Потом они лежали рядом, ожидая, пока успокоится сердцебиение. Уютно устроившись на сгибе его руки и положив голову ему на грудь, она размышляла: «Интересно, что он думает?» Может быть, его разочаровала ее неспособность сдерживать себя, чтобы продлить удовольствие?

Гай избавил ее от необходимости теряться в догадках. Прижав к себе покрепче, он нежно поцеловал ее в волосы.

– Клодия, ты настоящее чудо.

– Кто бы говорил. – Вздохнув, она еще теснее прижалась к нему. – К тебе должно прилагаться предупреждение: «Передозировка опасна для жизни».

– Ко мне? – Грудь его колыхнулась от сдерживаемого смеха. – Кто бы говорил…

Она и сама не могла удержаться от смеха.

– Надеюсь, что я хотя бы лучше, чем «скраббл». – Грудь его снова затряслась от смеха.

– Значительно лучше. Правда, шуму от тебя гораздо больше.

– Извини, я немного забылась.

– Я на это, в общем, и рассчитывал.

Теперь, когда лихорадочный жар пошел на убыль, ей стало холодно лежать поверх покрывала.

– Ты озябла? – прошептал он, уткнувшись ей в волосы. – Это из-за кондиционера. Приподнимись… – Подсунув под нее руки, он выдернул покрывало, и они укрылись им вместе. Оказавшись в тепле, он задышал ровнее и вскоре задремал.

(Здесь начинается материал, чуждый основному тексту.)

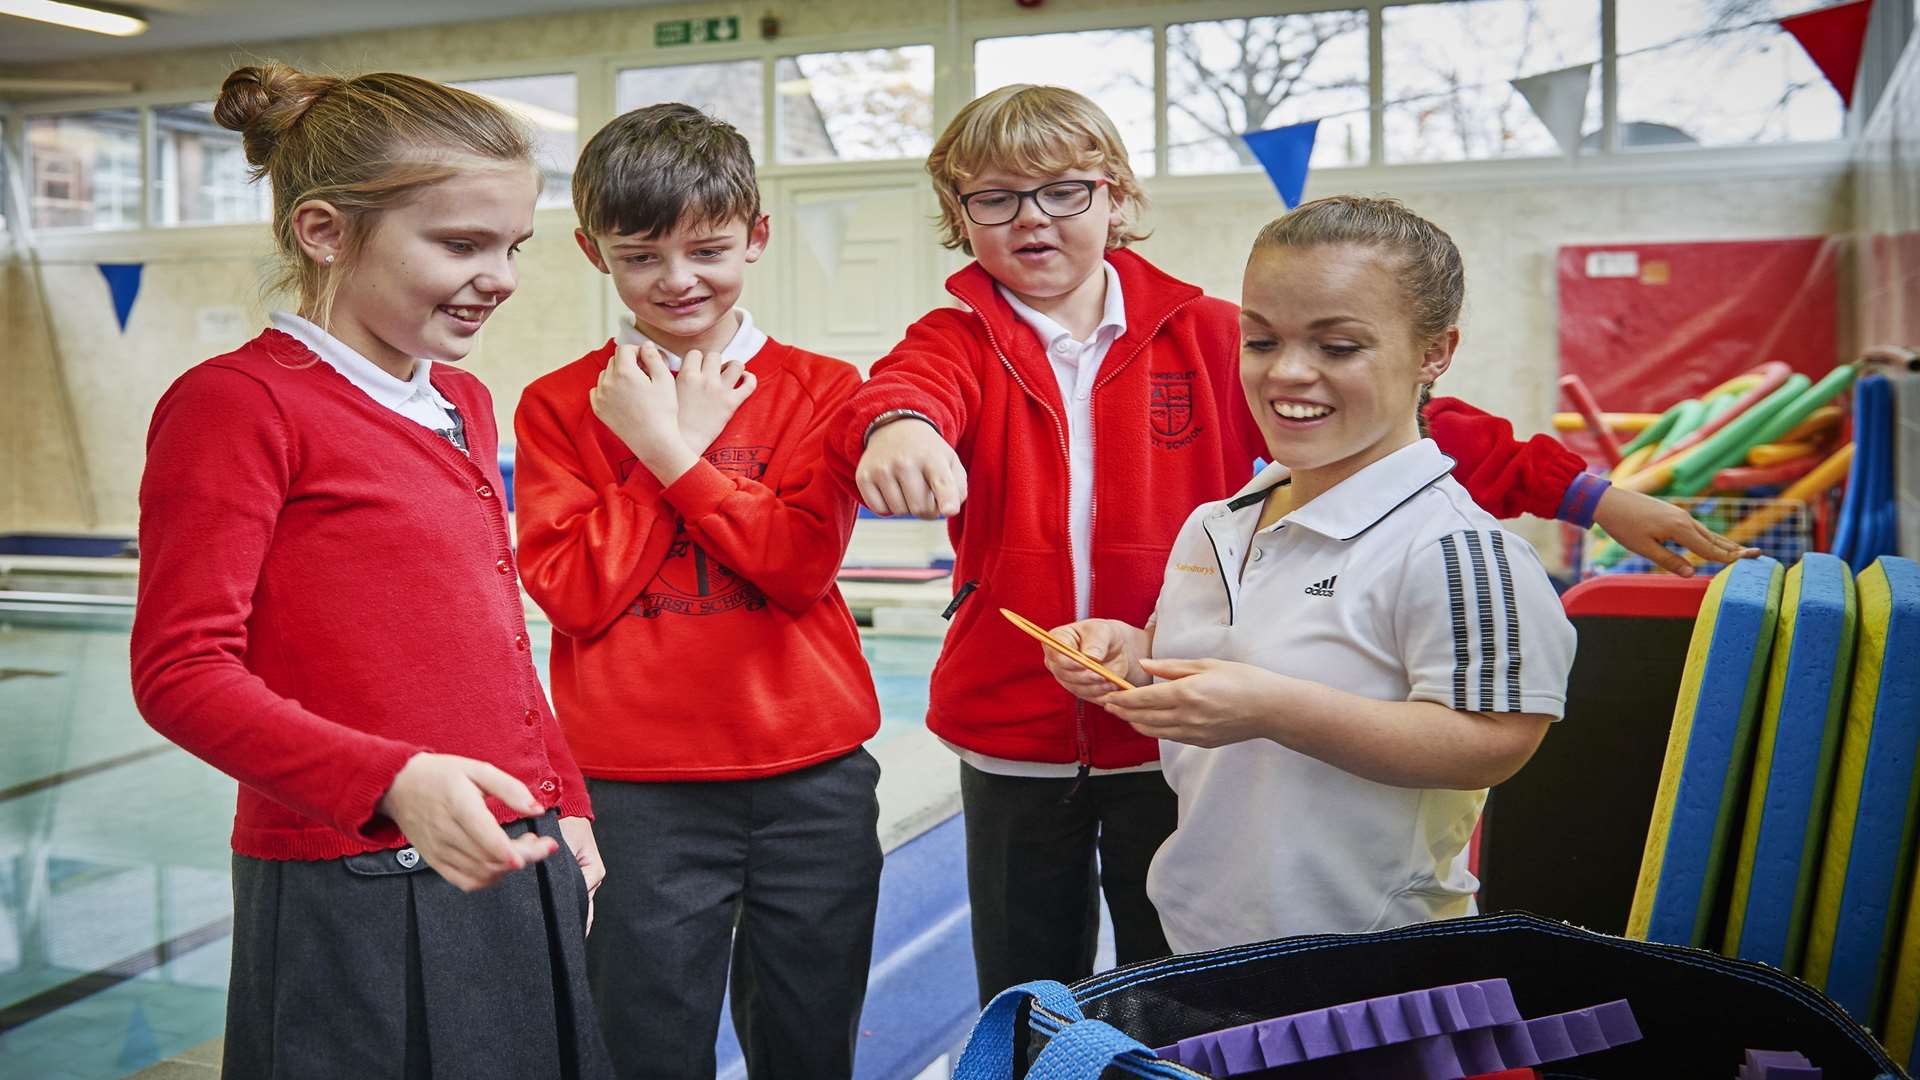 Quadruple Paralympic gold medal swimmer Ellie Simmonds is an ambassador for Sainsbury's Active Kids

Было заманчиво заснуть рядом с ним, но ведь, заснув, она не смогла бы в полной мере насладиться сознанием того, что лежит рядом с ним. Она долго лежала, не двигаясь, и в голове ее, лениво цепляясь одна за другую, поплыли мысли.

– Ты набралась храбрости и сделала это.

– Разве не так? И не жалею, потому что наслаждалась каждым новым мгновением.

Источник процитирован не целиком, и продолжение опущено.